Posted by Brandon Reno on 3/20/2009 at 8:45 AM
Don't get me wrong, while I'm sure there is code out there that may need to beware of this, >99% of use cases for SCOPE_IDENTITY and @@IDENTITY fall into the pattern of insert a single value, and get the id. From what I can tell, inserts using the VALUES clause are not affected:

INSERT INTO Table (fld1, fld2) VALUES(@v1, @v2)
SET @id = SCOPE_IDENTITY()

this does not get a parallel plan, and would not be affected.

If you are doing a select, and expecting only one record, I hope that you are either checking against a PK or UNIQUE constraint or using TOP 1 (from what I can see, neither of which ever creates parallelized execution plans, though I could be wrong.)

I did a quick scan of our code, and could not find an example that could possibly be affected.
Posted by SQL Guru on 5/28/2009 at 10:12 AM
dave_dave: You should open a case with Microsoft on this. Cases for bugs are free and maybe they'll fix it then.

I really think this needs to be fixed in any case. This affects the data integrity by possibly having data point to the wrong row. If you don't think this is important, please ask some of the banks using SQL Server and see if having foreign keys point to the wrong row matters. If they find out that they have misplaced money because of this and MS won't fix it, be sure that they will be switching from SQL as fast as they can.
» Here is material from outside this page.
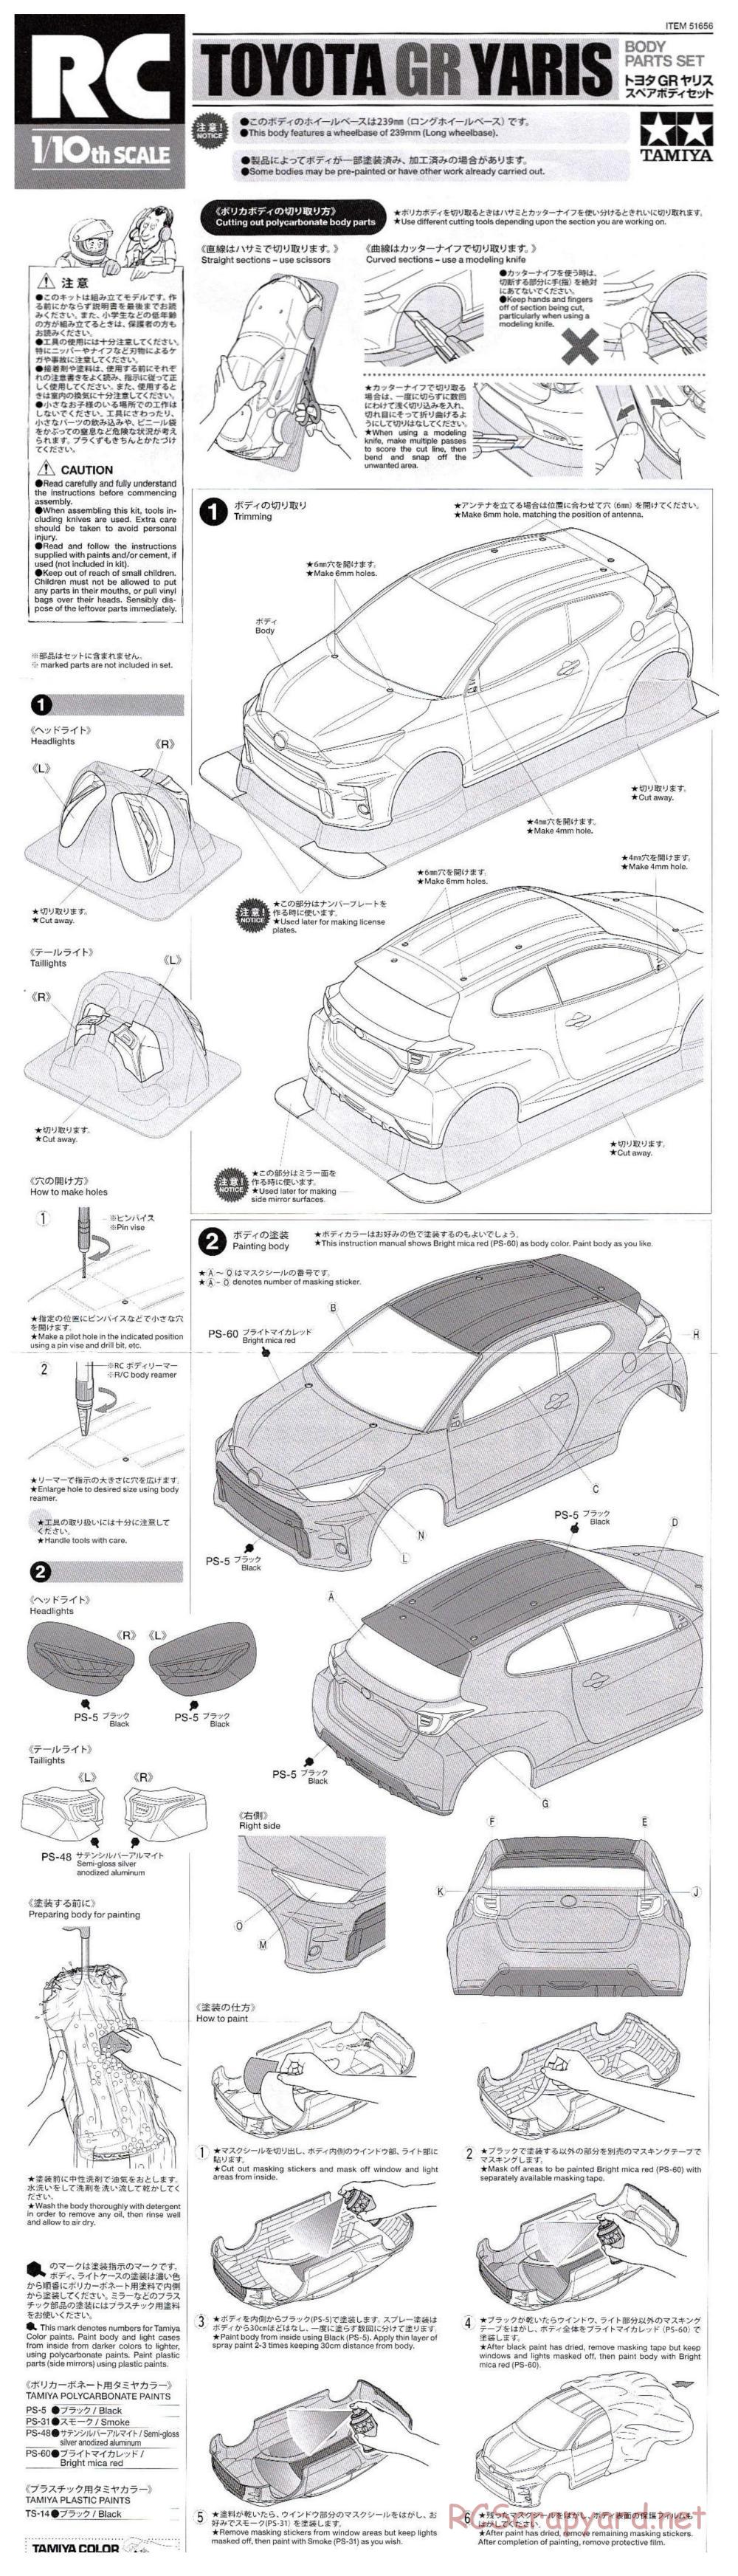 Tamiya - Toyota GR Yaris - M-05 Chassis - Body Manual - Page 1

It needs to be fixed in both SQL 2005 and SQL 2008. Just because SQL 2005 is older, doesn't mean the data in those databases is less important. SQL 2005 is still in mainstream support until April, 2011. Until then it should still get these fixes, especially this type were it affects data integrity.
Posted by Paul White (NZ) on 9/12/2009 at 9:26 PM
Is IDENT_CURRENT affected in the same way?
Posted by Emtucifor on 9/29/2009 at 5:19 PM
Quote: >99% of use cases for SCOPE_IDENTITY and @@IDENTITY fall into the pattern of insert a single value, and get the id

Not for me. In one database I developed, the almost exclusive use of Scope_Identity() was in combination with @@RowCount to get the entire range of inserted rows and then perform some additional operation with that range. Just because the function returns the last row value does not mean that only the last row is of interest.

This seems like a really, really nasty bug and I think it should be addressed in some way as a high priority. Even if the problem can't be fixed so soon, how about a procedure-creation-time warning when any of these functions are in the script text, saying that they can return the wrong values if parallelism occurs?
Posted by Daniel Smith on 10/19/2009 at 1:59 AM
I realise this is mainly a corner case, but it puts a seed of doubt in people's minds. I don't want to have to always be checking my back to see if a feature I'm using in the product has a potentially horrendous data corrupting bug.

Please fix this before people loose all trust in the product.
Posted by JAlbanator on 10/26/2009 at 11:06 AM
I recently upgraded from 2000 to 2005 and, like others, SCOPE_IDENTITY() was not working appropriately as well. I found a workaround with our implementation by using the following:

SET NOCOUNT ON SELECT SCOPE_IDENTITY()

I hope this helps somebody.
Posted by john_s50 on 11/4/2009 at 2:07 PM
How can I get the attachments to test the issue on my system?
What is the latest on this? Is it fixed in SQL 2008? SP1?
Posted by whiskeypriest on 12/1/2009 at 5:24 PM
Could you post the repro script? I'd like to see if I can duplicate this. Might have the same problem.